Wie jetzt? „Von 13. bis 14. März wegen einer Sportveranstaltung belegt“? Schon das Johlen vieler Menschen, das ich bei Annäherung an das Olympiabad von Ferne vernahm, machte mich misstrauisch. Und tatsächlich: Jubelnde Massen drin, ich musste draußen bleiben. Dabei bin ich mir sehr sicher, dass am Montag, als ich zuletzt dort schwamm, kein Aushang mit einer Veranstaltungsankündigung sichtbar war.

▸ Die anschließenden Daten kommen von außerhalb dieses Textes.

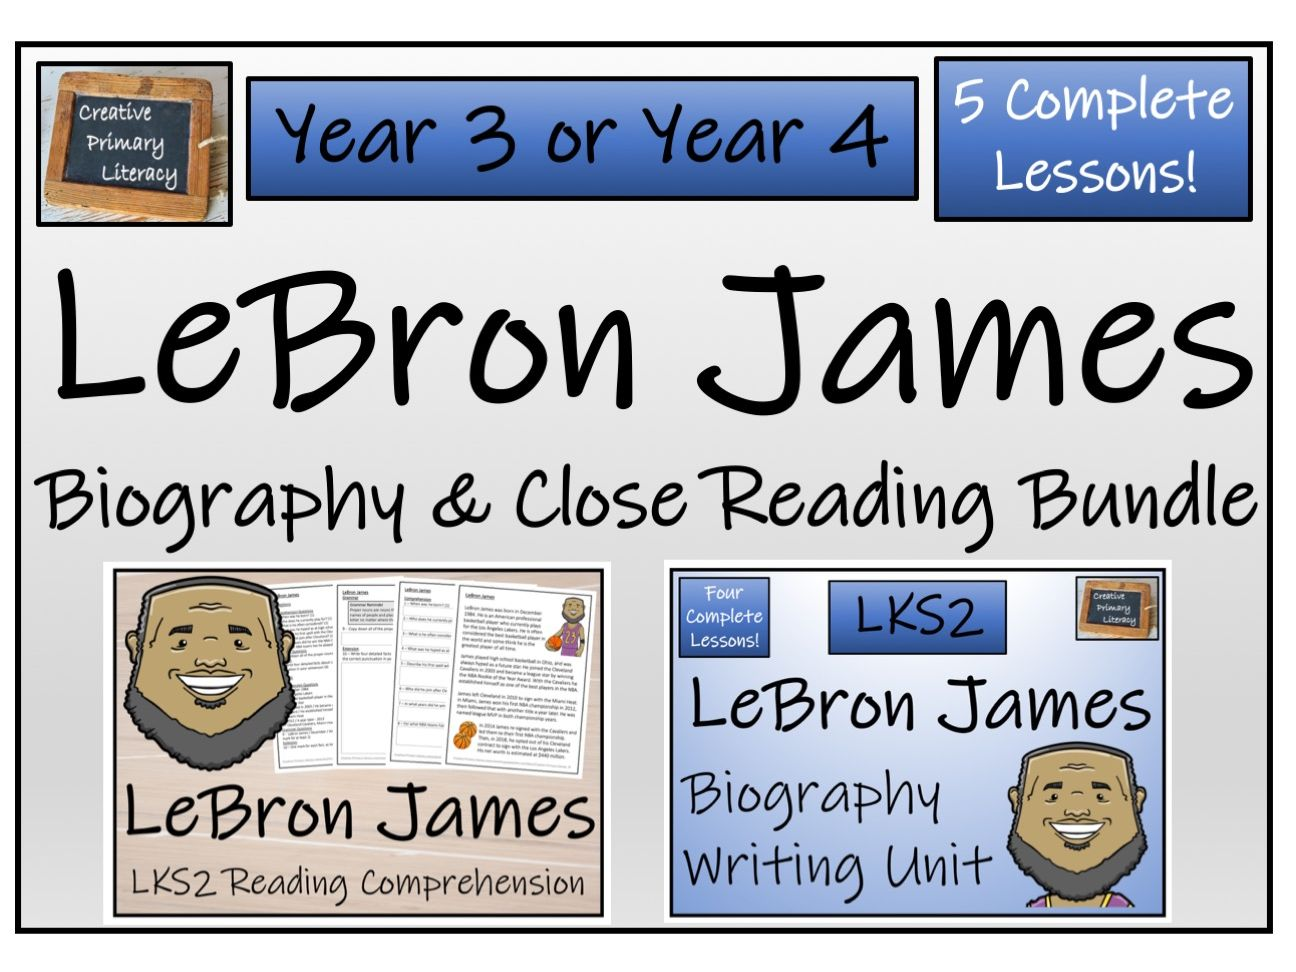 LKS2 Literacy - LeBron James Reading Comprehension & Biography Bundle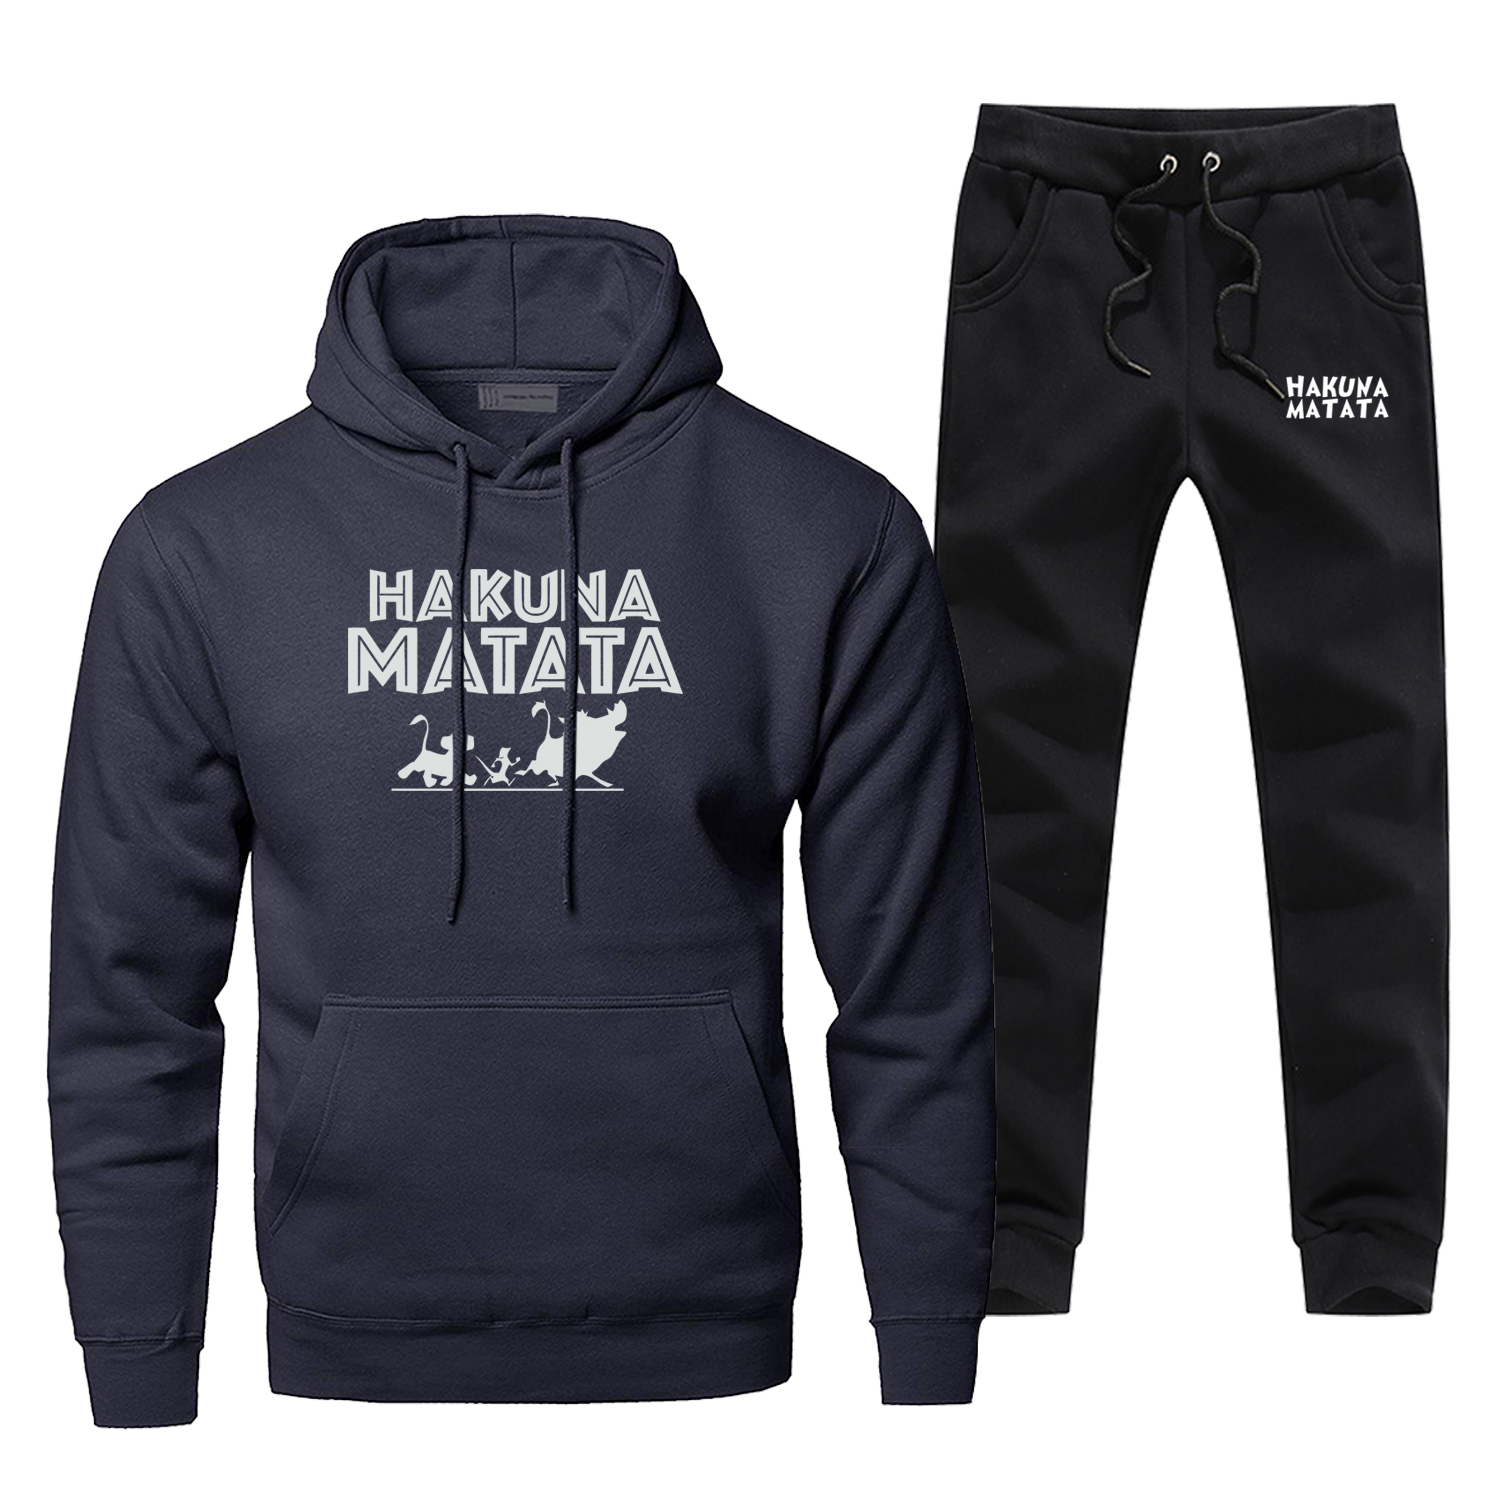 Fashion Lion King Hakuna Matata Sweatshirt Hoodies Pants Sets Men Casual Sportswear Mens Winter Harajuku Streetwear Sportswear

Doch ich hatte kurz nach Mittag eine Verabredung, also fehlte mir die Zeit für ein Umschwenken auf das Nordbad, ich musste die Schwimmrunde ausfallen lassen. Sehr ärgerlich.

§

Unter deutschen Schülern hält sich ja die Ansicht, Lehrer hätten Lieblinge und andere (sie selbst nämlich) „auf dem Kieker“, dächten sich zudem am liebsten Gemeinheiten aus, mit denen sie ihnen, den Schülern, das Leben so unangenehm wie möglich machen können. (Inzwischen weiß ich, dass es auch Lehrer gibt, die dieselben Verschwörungstheorien ihren Vorgesetzten gegenüber stricken.) Das stimmt nicht mit der Haltung der vielen Lehrer überein, die ich kenne. Richtig ist hingegen, dass Lehrer sich am liebsten rächen wie Frau Wiesenraute.

§

Maharaja-Ausstellung mit indienbegeisterter und -erfahrener Freundin besichtigt. Tatsächlich wunderbar aufbereitet, die Gemälde, historisches Filmmaterial, Elefantensattel, Erklärungen – sehr sehenswert. Kleiner Tipp: Lieber die englischen Erläuterungen lesen, die deutschen Texte sind nur ziemlich holprige Übersetzungen davon.

§

Die atemlose Kennenlernphase einer Freundschaft, in der man nicht genug Informationen und Geschichten bekommen kann vom begeistert entdeckten Menschen, sich überschlägt in Erzählungen und Fragen, ständig möglichen Geschenken begegnet, von jedem Treffen völlig überdreht und aufgekratzt heim kommt.

§

Zum Abendbrot machte mich der Mitbewohner bekannt mit der Romanoff-Torte seiner Kindheit. Sehr 70er, aber durchaus wohlschmeckend.